On Intel Skylake-X (2017) and Cascade Lake (2019) server chips, every time an AVX-512 instruction executed, the package transitioned to a "license 2" power state — frequency dropped by ~10–25% across the entire socket, including any scalar code running on the same core. The penalty lasted hundreds of microseconds after the last AVX-512 instruction. On workloads that occasionally used AVX-512 between long stretches of scalar code (most of them), this was a net loss: the AVX-512 sped up its own work but slowed everything else down enough to cancel the gain.

The community's response was fierce. Cloudflare, Mozilla, and others published benchmarks showing how disabling AVX-512 made workloads faster. Linus Torvalds famously called it "this AVX-512 thing" and recommended targeting it like radioactive material. Subsequent generations fixed the issue: Ice Lake (2019) reduced the penalty to ~5%; Sapphire Rapids (2023) eliminated it almost entirely. AMD Zen 4 (2022) and Zen 5 (2024) implement AVX-512 without any meaningful frequency drop.

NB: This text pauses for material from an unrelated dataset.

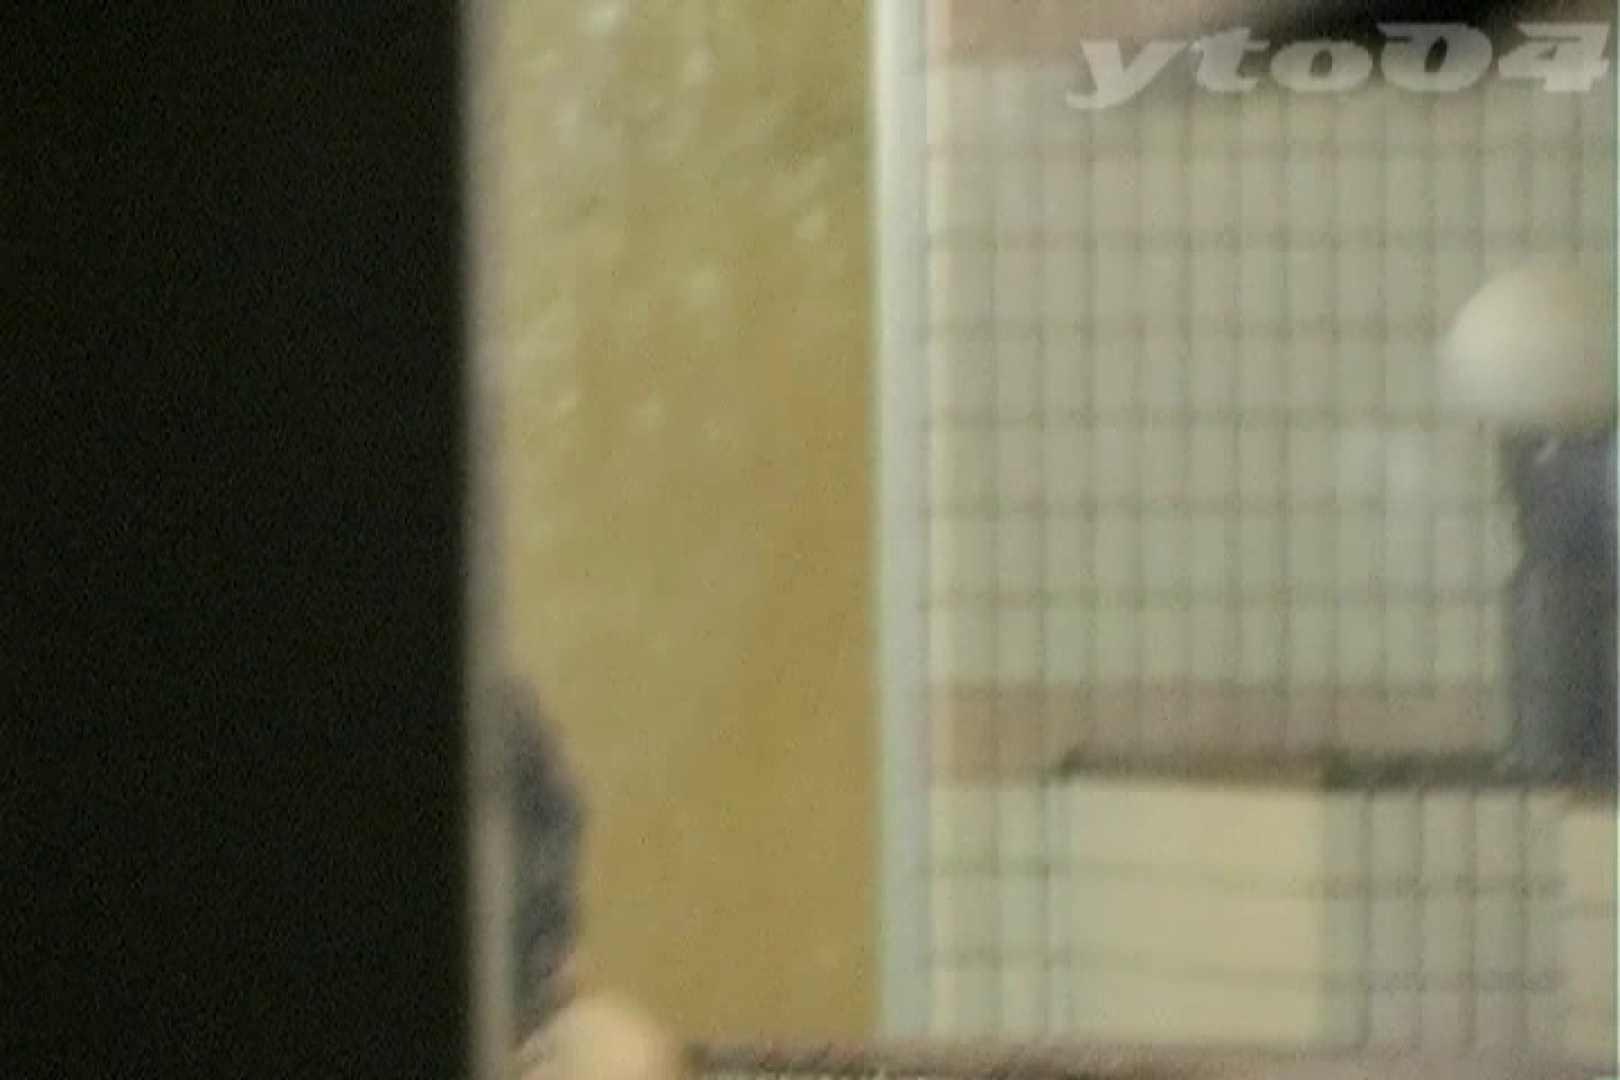 ▲復活限定▲合宿ホテル女風呂盗撮 Vol.24 女体盗撮 のぞきエロ無料画像 75連発 21

The general lesson: wider vectors mean more transistors switching per cycle, which means more dynamic power. Up to a point this is fine. Past that point, modern CPUs use voltage and frequency scaling to stay within their power budget. AVX-512 on Skylake-X was over the line; on modern silicon it's not.

Auto-vectorization vs intrinsics

Modern compilers (GCC, Clang, MSVC) auto-vectorize loops that look like this:

void add_arrays(int *a, int *b, int *out, int n) {
    for (int i = 0; i < n; i++) {
        out[i] = a[i] + b[i];
    }
}

// Clang -O3 -march=skylake-avx512 produces:
//   .loop:
//       vmovdqu64  zmm0, [rdi + rcx*4]    ; load 16 ints from a
//       vpaddd     zmm0, zmm0, [rsi + rcx*4]  ; add 16 ints from b
//       vmovdqu64  [rdx + rcx*4], zmm0    ; store 16 ints to out
//       add        rcx, 16
//       cmp        rcx, r8
//       jl         .loop

This works when the loop is straightforward enough — fixed iteration count, no internal branches, no data dependencies between iterations, no aliasing concerns. When the compiler can't or won't vectorize, you fall back to intrinsics — C functions that map 1:1 to SIMD instructions. They look like:

#include <immintrin.h>

__m512i va = _mm512_loadu_epi32(&a[i]);
__m512i vb = _mm512_loadu_epi32(&b[i]);
__m512i vsum = _mm512_add_epi32(va, vb);
_mm512_storeu_epi32(&out[i], vsum);

// Same generated assembly. Verbose but explicit.

Intrinsics give you exact control: you choose the alignment, the masking, the memory ordering. The cost is portability — AVX-512 intrinsics don't run on Apple silicon (which uses NEON / ARM SVE). Workarounds: write intrinsic versions for each ISA, or use a portable wrapper library like Highway (Google), xsimd, or std::experimental::simd in C++26.

A practical workflow that holds up: write the loop in plain scalar form first, get it correct, then check whether the compiler already vectorized it. Most compilers emit a vectorization report on request (-fopt-info-vec in GCC, -Rpass=loop-vectorize in Clang) that tells you which loops became SIMD and which were rejected, and why. Reach for intrinsics only on the loops that show up hot in a profile and that the compiler refused to vectorize. Hand-writing intrinsics everywhere is a common mistake: it is slow to write, hard to read, easy to get wrong, and usually no faster than letting the compiler handle the straightforward cases. Save the effort for the inner kernel that actually pays for it.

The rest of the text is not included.